Exploring insect wing venation with persistent homology

Code & Notebook on GitHub

This post walks through a Python pipeline for analyzing insect wing venation using persistent homology, a tool from topological data analysis (TDA). By preprocessing wing images into 2D point clouds, we can detect loop structures in the venation using TDA. I demonstrate the method using wing images from a dragonfly, cicada, and grasshopper, and briefly discuss how their structural patterns are shown in persistence diagrams.

wing1 wing2 wing3

Wing photo source: Dragonfly, Cicada, Grasshopper

Procedure

Outline:

Use scikit-image to preprocess images
Use scikit-TDA (ripser.py and persim) for topological data analysis

1. Process images

Let’s use a forewing of dragonfly as the example. The image preprocessing includes the following steps:

Load image in grayscale
Denoise
Convert to binary image
Skeletonize
Make into point cloud

import numpy as np
import matplotlib.pyplot as plt
from skimage import io, color, filters, morphology
from skimage.restoration import denoise_bilateral
from skimage.filters import threshold_local
from skimage.morphology import skeletonize

1.1 Load image in grayscale

img = io.imread("wing_dragonfly.jpg", as_gray=True)

1.2 Denoise

The printed image might not look much different before and after denoising, but it does clean out some dots within the venation windows later in the binary image, which would likely make some difference in TDA results.

img_denoise = denoise_bilateral(img, sigma_color=0.05, sigma_spatial=15)

1.3 Convert to binary image

Instead of using a fixed global threshold (which may fail under uneven lighting), we apply local thresholding, which adapts based on the pixel’s neighborhood. The local threshold is computed as the weighted mean of surrounding pixels (set by block_size), minus a constant (offset).

local_thresh = threshold_local(img_denoise, block_size=35, offset=.001)
img_binary = img_denoise < local_thresh

1.4 Skeletonize

Skeletonization reduces each vein to a 1-pixel-wide path, preserving the structure while greatly reducing the number of points.

img_skeleton = skeletonize(img_binary)

1.5 Convert to point cloud

# Get coordinates of all foreground pixels (vein areas)
points = np.column_stack(np.nonzero(img_skeleton))  # shape: (N, 2)

1.6 Subsampling

Subsampling reduces computational cost in TDA, but there’s a trade-off: too few points may miss topological features, while too many increase runtime. Choose n_sample based on dataset size and analysis goals.
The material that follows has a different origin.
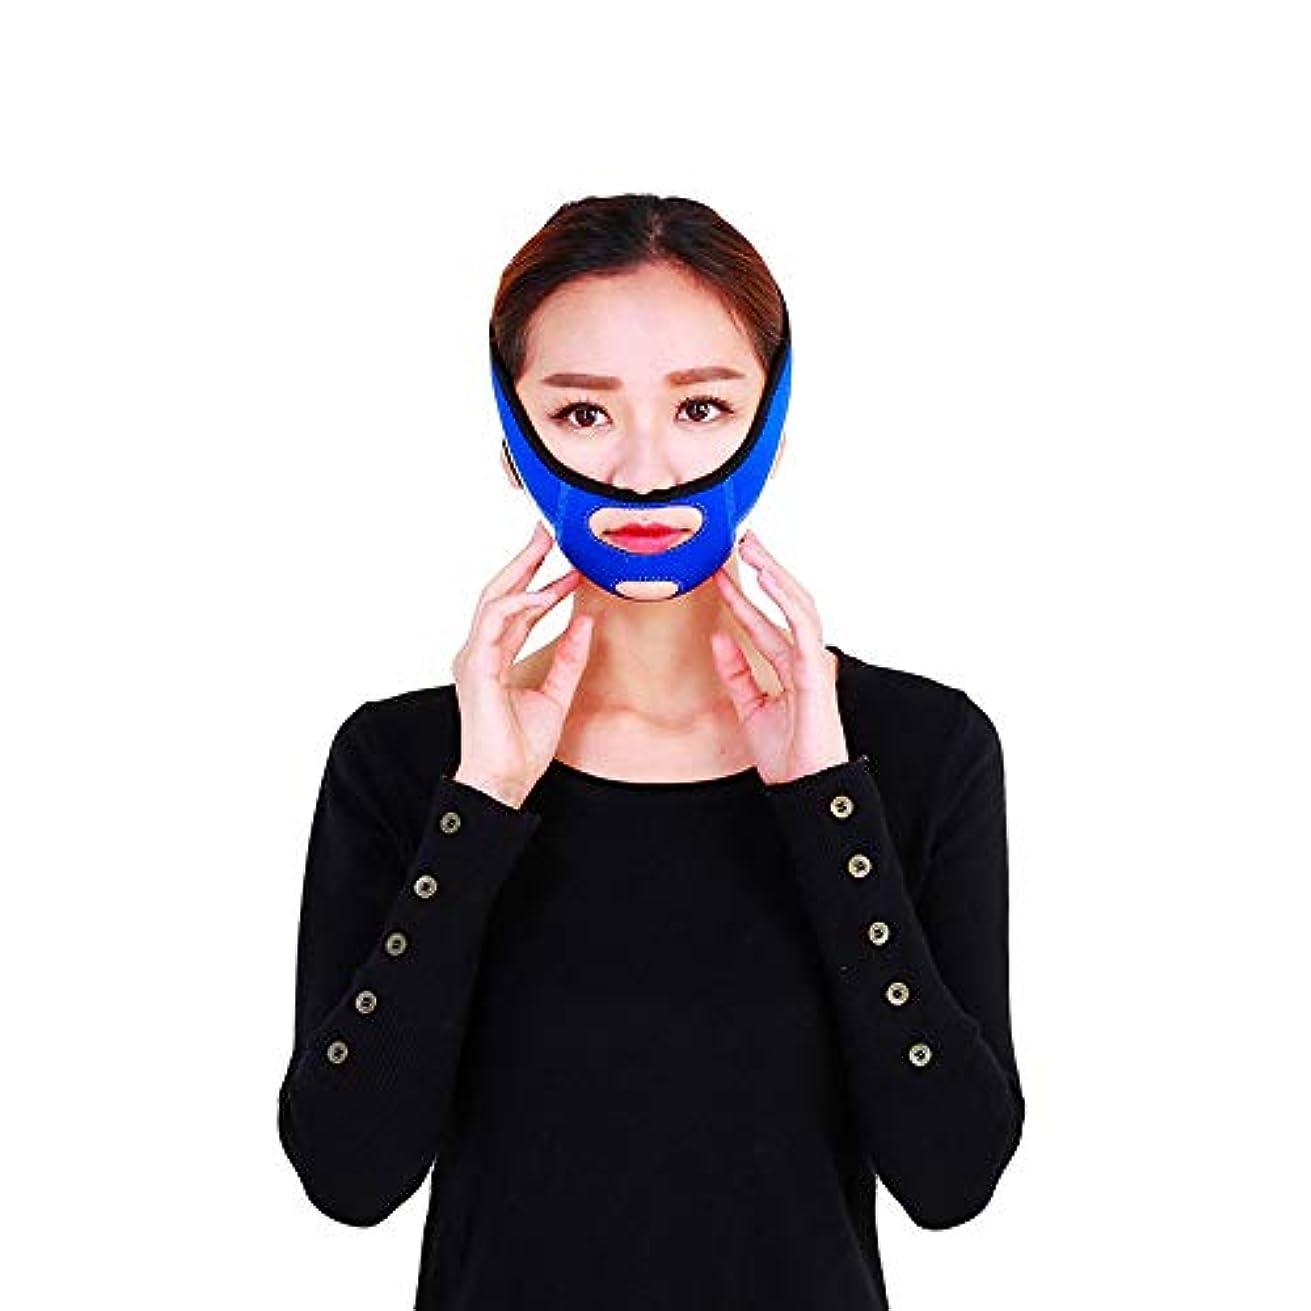 サンプルピカリング騒GYZ フェイシャルリフティング痩身ベルトフェーススリム二重あごを取り除くアンチエイジングリンクルフェイス包帯マスク整形マスクが顔を引き締める Thin Face Belt
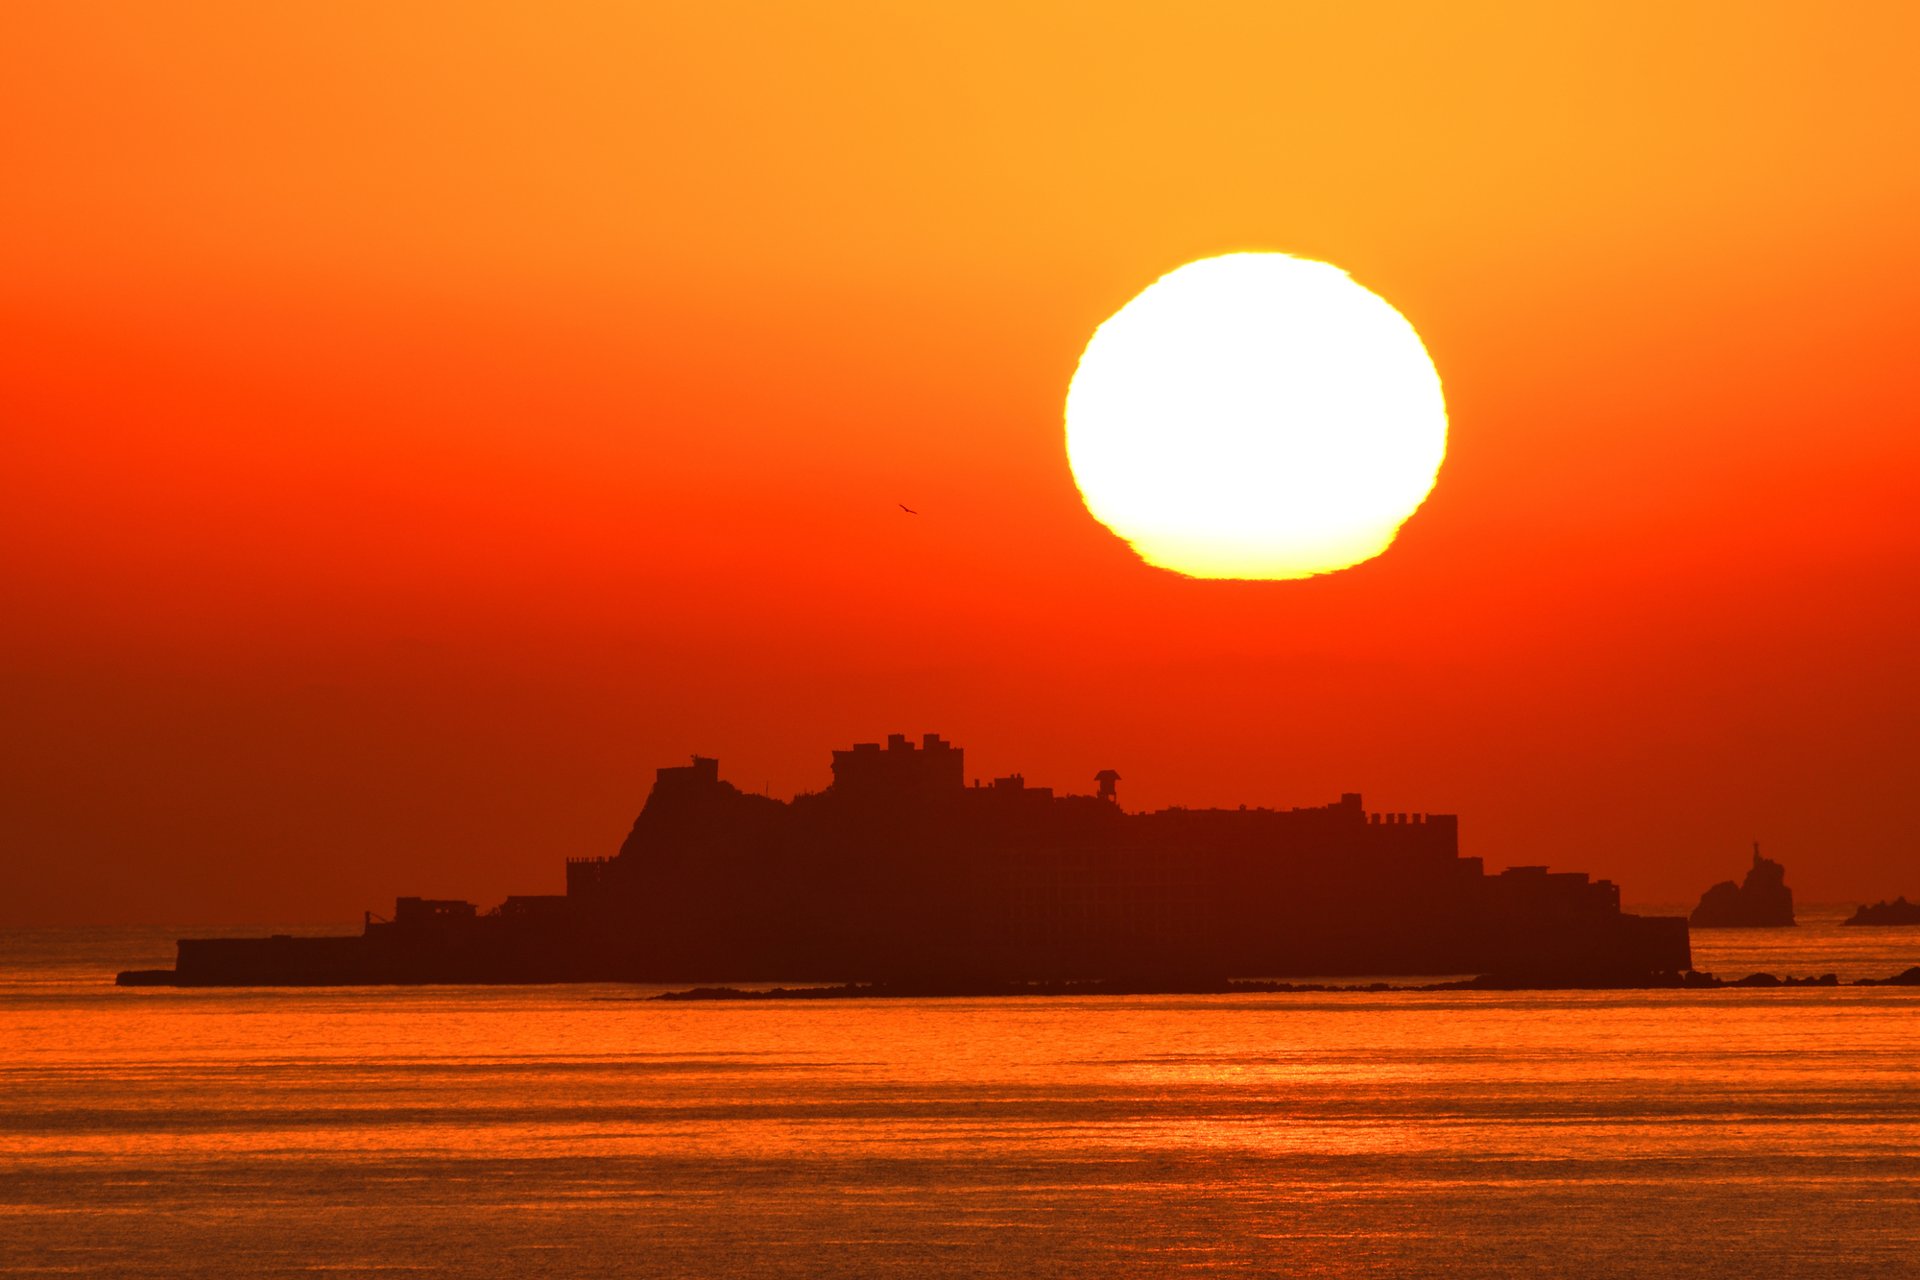 夕焼けに染まる海と船

idx = np.random.choice(len(points), size=n_sample, replace=False)
points_sampled = points[idx]

2. Topological data analysis (TDA)

We use persistent homology to identify loop-like structures in the wing’s point cloud. Specifically, we apply a Vietoris–Rips filtration to extract H0 (connected components) and H1 (loops). For background, see intro video on TDA by Matthew Wright.

from ripser import ripser
from persim import plot_diagrams

# Rips filtration
result = ripser(points_sampled, maxdim=1)  # setting maxdim=1 would detect H0 and H1 features
diagrams = result["dgms"]

# Plot persistent diagram
plt.figure(figsize=(5, 5))
plot_diagrams(diagrams, show=True, lifetime=True, size=5)

The output persistent diagram shows each detected loops in orange dot (H1), with more “significant” features (those with longer lifespan across distance threshold) locating higher up in y axis, while the less significant or noise features lower down at the bottom. From the results, I suppose the highest two orange points represent the big windows at the top left of the wing.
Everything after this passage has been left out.